Благодаря щедрому многолетнему гранту Фонда Форда исследовательский центр Карнеги начал инновационное исследование стратегий, применяемых Китаем в семи регионах мира — Африке, Центральной Азии, Латинской Америке, Тихоокеанском регионе, Юго-Восточной Азии, а также на Ближнем Востоке и в Северной Африке. Сочетая исследовательские и стратегические подходы, этот проект анализирует сложные процессы, включая, например, то, как китайские компании приспосабливаются к трудовому законодательству в странах Латинской Америки, банки и фонды из КНР изучают традиционные исламские финансовые и кредитные инструменты в Юго-Восточной Азии и на Ближнем Востоке, а китайские фирмы помогают специалистам в Центральной Азии с повышением квалификации.
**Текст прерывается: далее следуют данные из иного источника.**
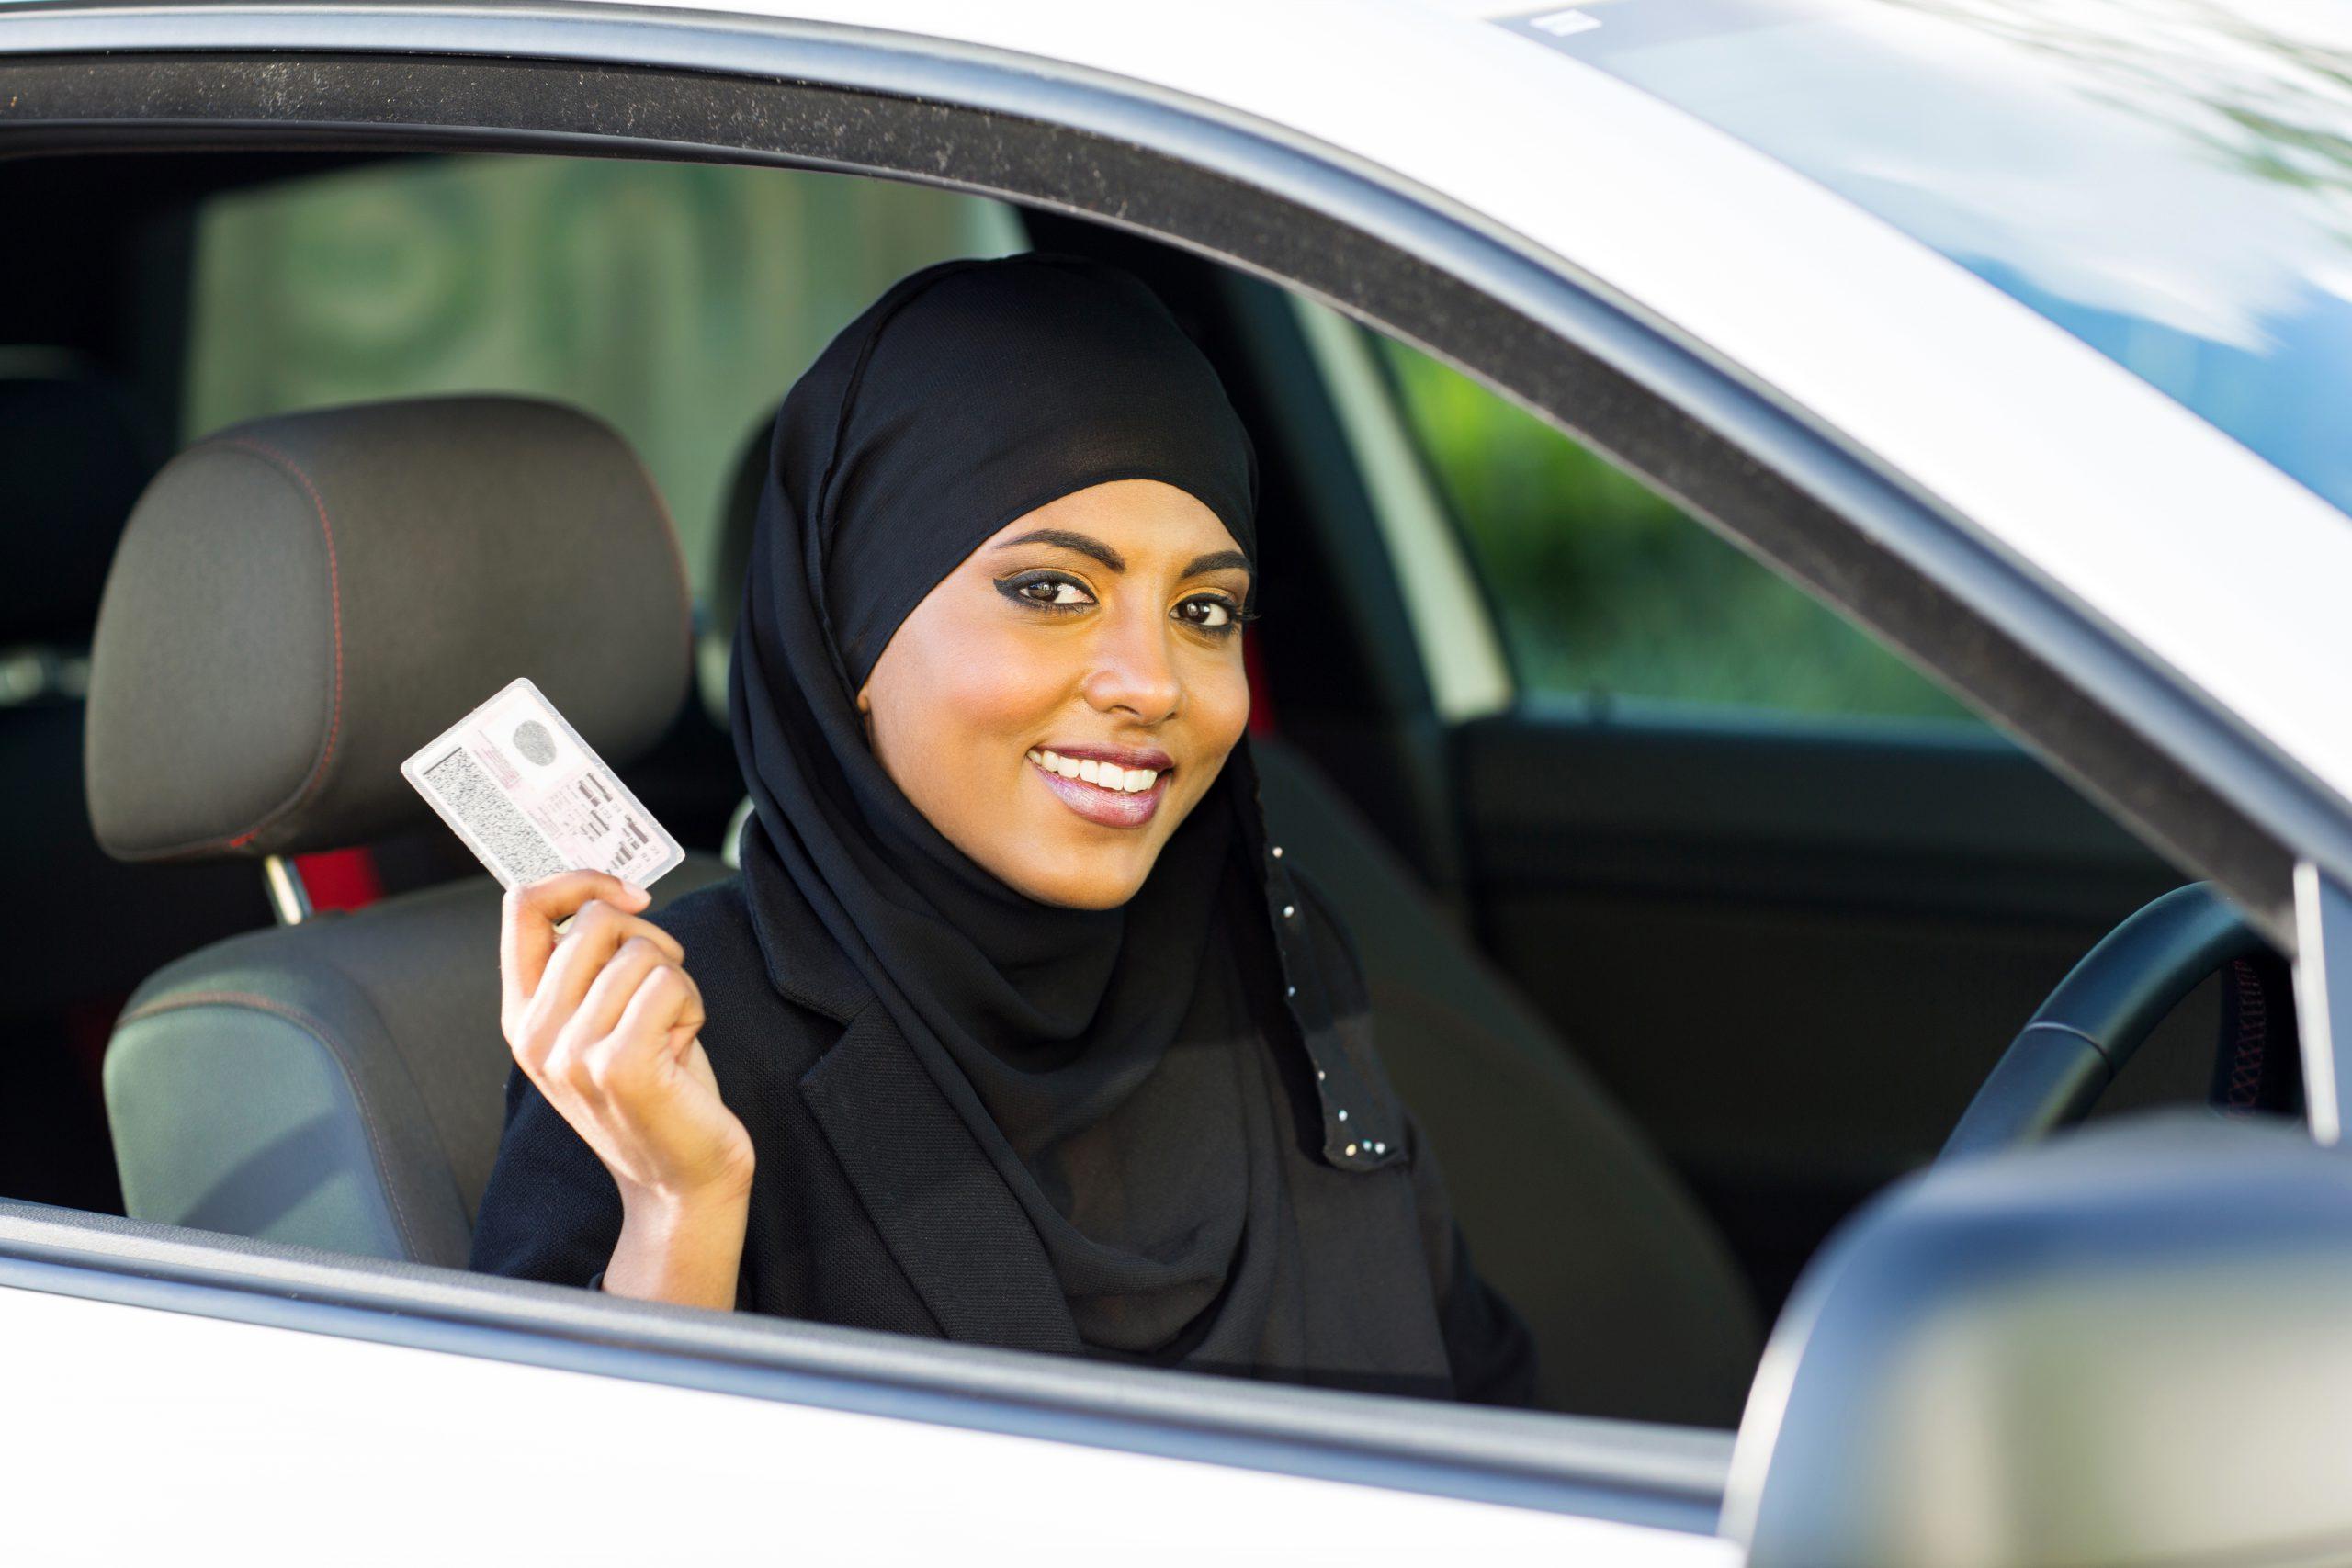 rijbewijs halen rotterdam
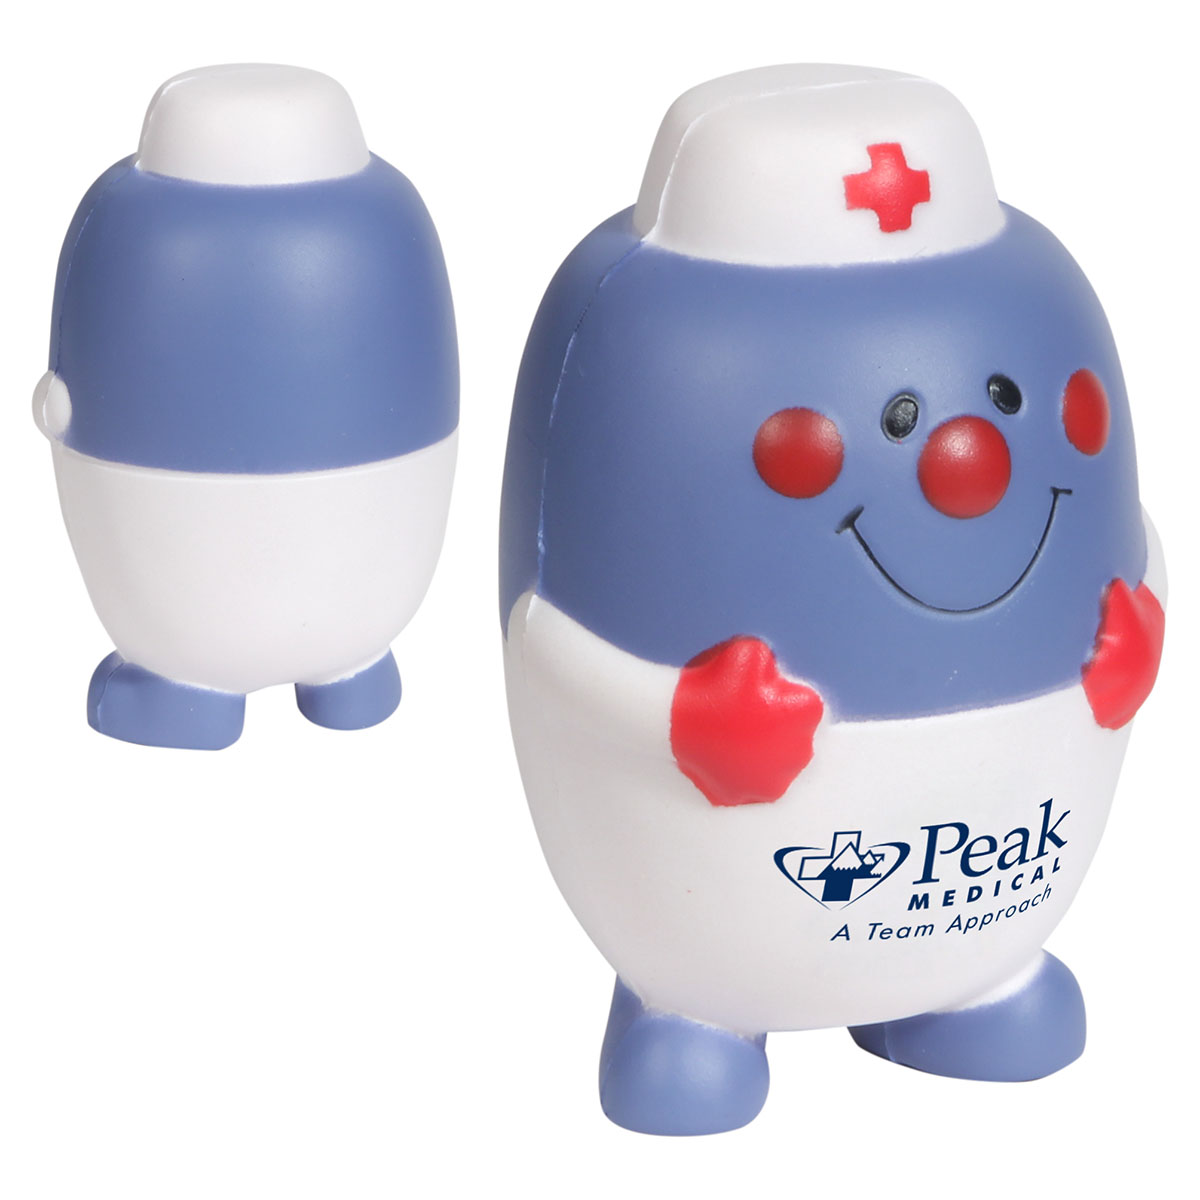 Pill Nurse Stress Reliever, LAN-EM02 - 1 Colour Imprint

Подобные стратегии, учитывающие при работе именно особенности каждого из регионов, зачастую выпадают из поля зрения западных политиков.

Основная цель проекта — улучшить понимание и повысить качество дискуссий о роли КНР в мире, а также стимулировать выработку инновационных подходов, которые помогли бы региональным игрокам эффективнее использовать китайские ресурсы для развития своих государств и экономик. Запад же мог бы извлечь из этого уроки для реализации собственных проектов по всему миру, прежде всего в развивающихся странах. Кроме того, расширение знаний о богатом китайском опыте пойдет на пользу политикам из самой КНР и, возможно, поспособствует уменьшению противоречий.

Эван А. Фейгенбаум
Вице-президент по исследованиям Фонда Карнеги за международный мир

Введение

Экономические отношения между Китаем и Казахстаном часто трактуются довольно шаблонно — их вписывают в продвигаемую Пекином инициативу «Пояса и пути», в рамках которой центральноазиатская республика играет роль «пряжки» в сухопутном экономическом поясе, связывающем КНР и Европу. Будучи крупнейшей страной Центральной Азии, Казахстан, разумеется, имеет ключевое значение для китайской концепции связей с Западом. Однако, рассматривая его лишь как один из узлов трансрегиональной геоэкономической стратегии Пекина, можно упустить из виду гибкость подхода китайских игроков к интересам Казахстана и ту выгоду, которую местные компании умело извлекают из взаимодействия с КНР в ключевых отраслях.

Наглядный пример такой динамики — двустороннее сотрудничество в области добычи урана и поставок ядерного топлива, где китайцам пришлось играть по казахстанским правилам, а не наоборот.

Казахстан — крупнейший производитель природного урана на планете: в 2022 году его доля в мировом масштабе составила 43%1. С одной стороны, это обусловлено наличием богатых залежей такого ресурса, с другой — сама геология месторождений позволяет вести добычу при помощи недорогого и высокорентабельного метода подземного выщелачивания. Казахстан располагает двумя третями мировых запасов урана, которые можно извлекать подобным способом, и в 2022 году почти 80% урана на планете было добыто именно так2. Огромное преимущество в плане затрат на добычу позволило национальной атомной компании «Казатомпром» стать одним из самых конкурентоспособных производителей урана в мире и оказаться в сильной переговорной позиции, взаимодействуя с зарубежными компаниями, которые стремятся получить доступ к дешевым ресурсам страны.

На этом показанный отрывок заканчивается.